A guide to buying a new build home

All you need to know about buying a new-build home

As the name suggests, a new-build property is one that’s brand new and has never been lived in.

The Government has set a target of 300,000 new homes being built every year by the mid-2020s, although it’s well publicised that construction figures currently fall well below that.

In fact, research by one property developer has suggested building figures won’t approach anything like 300,000 new-builds a year until much later this decade. However, the emphasis remains on building new homes to try and tackle a national property shortage.

New build homes can be a great option whether you’re a first time buyer, have a growing family or you’re ‘right sizing’ later in life.


Why buy a new-build?

New build homes are appealing to home buyers for several reasons, particularly the fact they are the first to live in the property.

If you’re buying off-plan – before the property has been built – you may even be able to influence certain aspects of the design. Buyers often see a new property as a ‘blank canvas’ and some developers will give you the option to choose fixtures and fittings to tailor the interior to your own taste.

Beware though, some developers might try to upsell the extras, so do some price comparisons to ensure you’re not paying over the odds.

And once you’ve decorated, repairs and redecoration costs should be minimal for the first few years.

New properties usually come with guarantees.
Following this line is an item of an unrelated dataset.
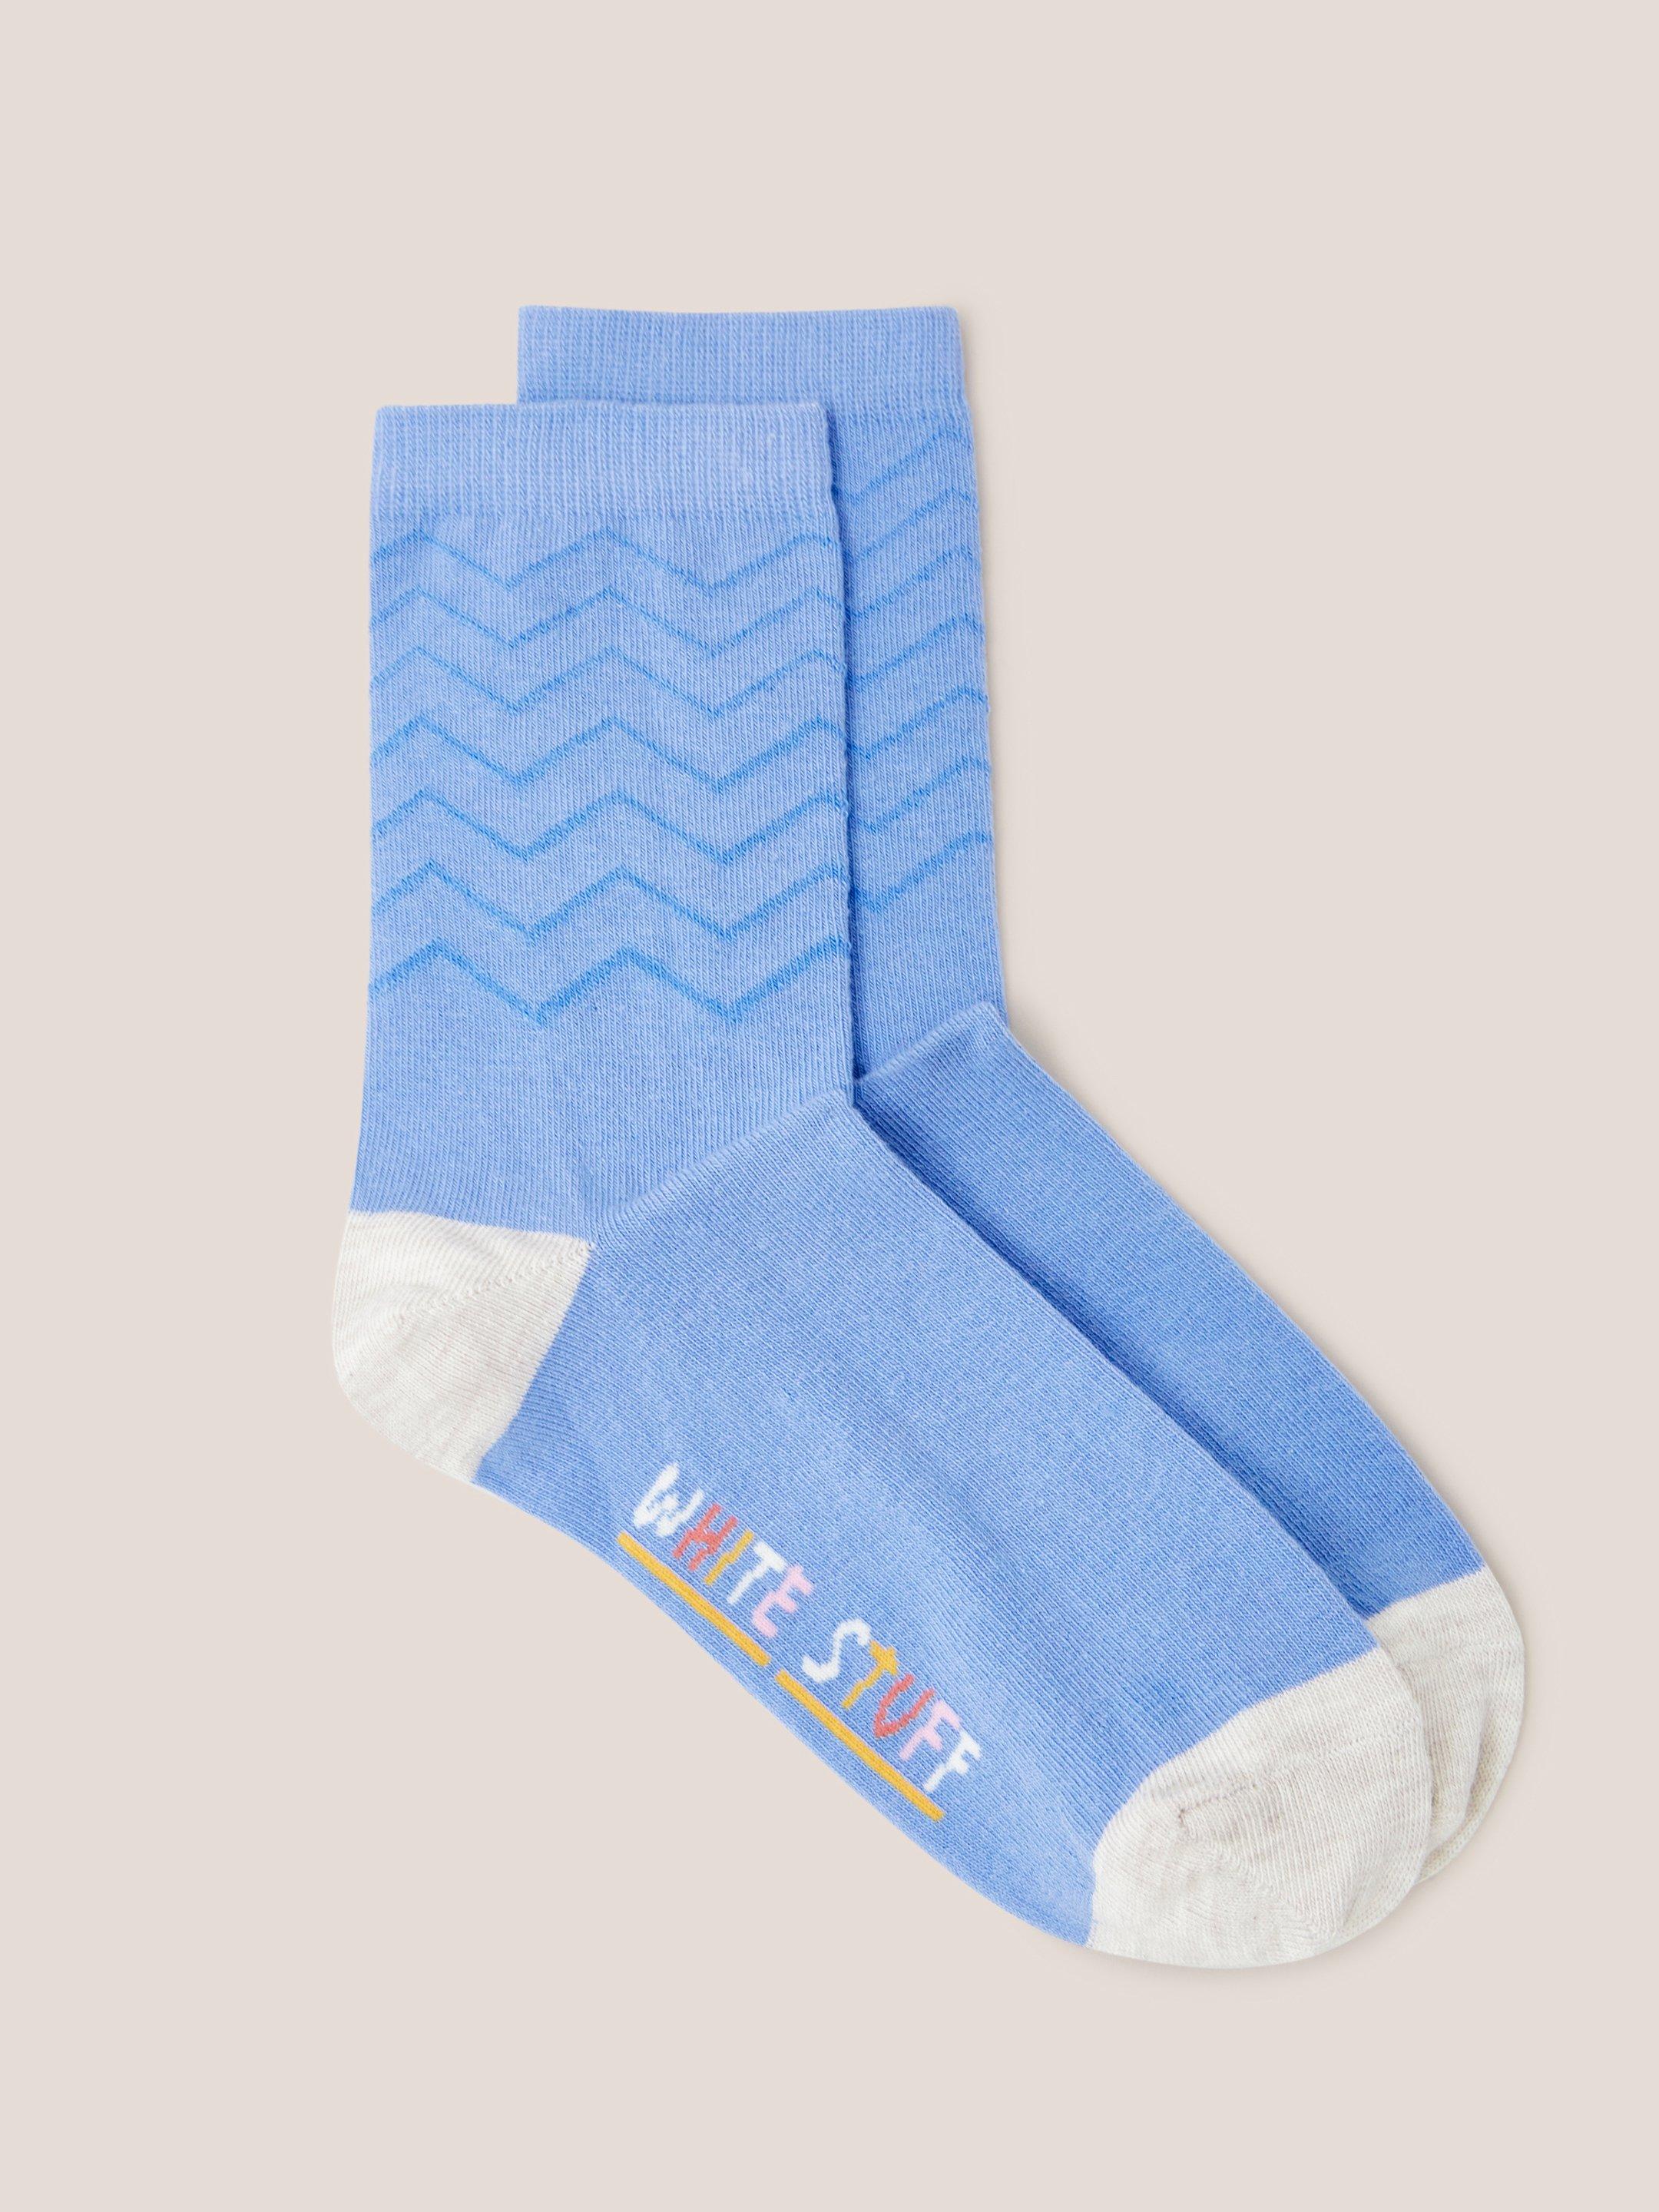 Textured Zigzag Ankle Socks in BLUE MLT - FLAT FRONT

The most common is the National House Building Council (NHBC) 10-year warranty, but other companies provide warranties and insurance for new homes, such as Local Authority Building Control (LABC), which offers warranty schemes not only to homeowners but self-builders, housing associations as well as builders and developers. Most developers provide their own two-year warranty.


Lower running costs and bills

The UK has made a legally-binding commitment to net-zero carbon emissions by 2050, and the government has said all new homes are required to be highly energy-efficient, with low carbon heating, and be zero carbon ready by 2025.

New homes are expected to produce about a third lower carbon emissions compared to older housing stock, so if the new-build is constructed to the correct standard, homeowners should expect lower running costs and energy bills.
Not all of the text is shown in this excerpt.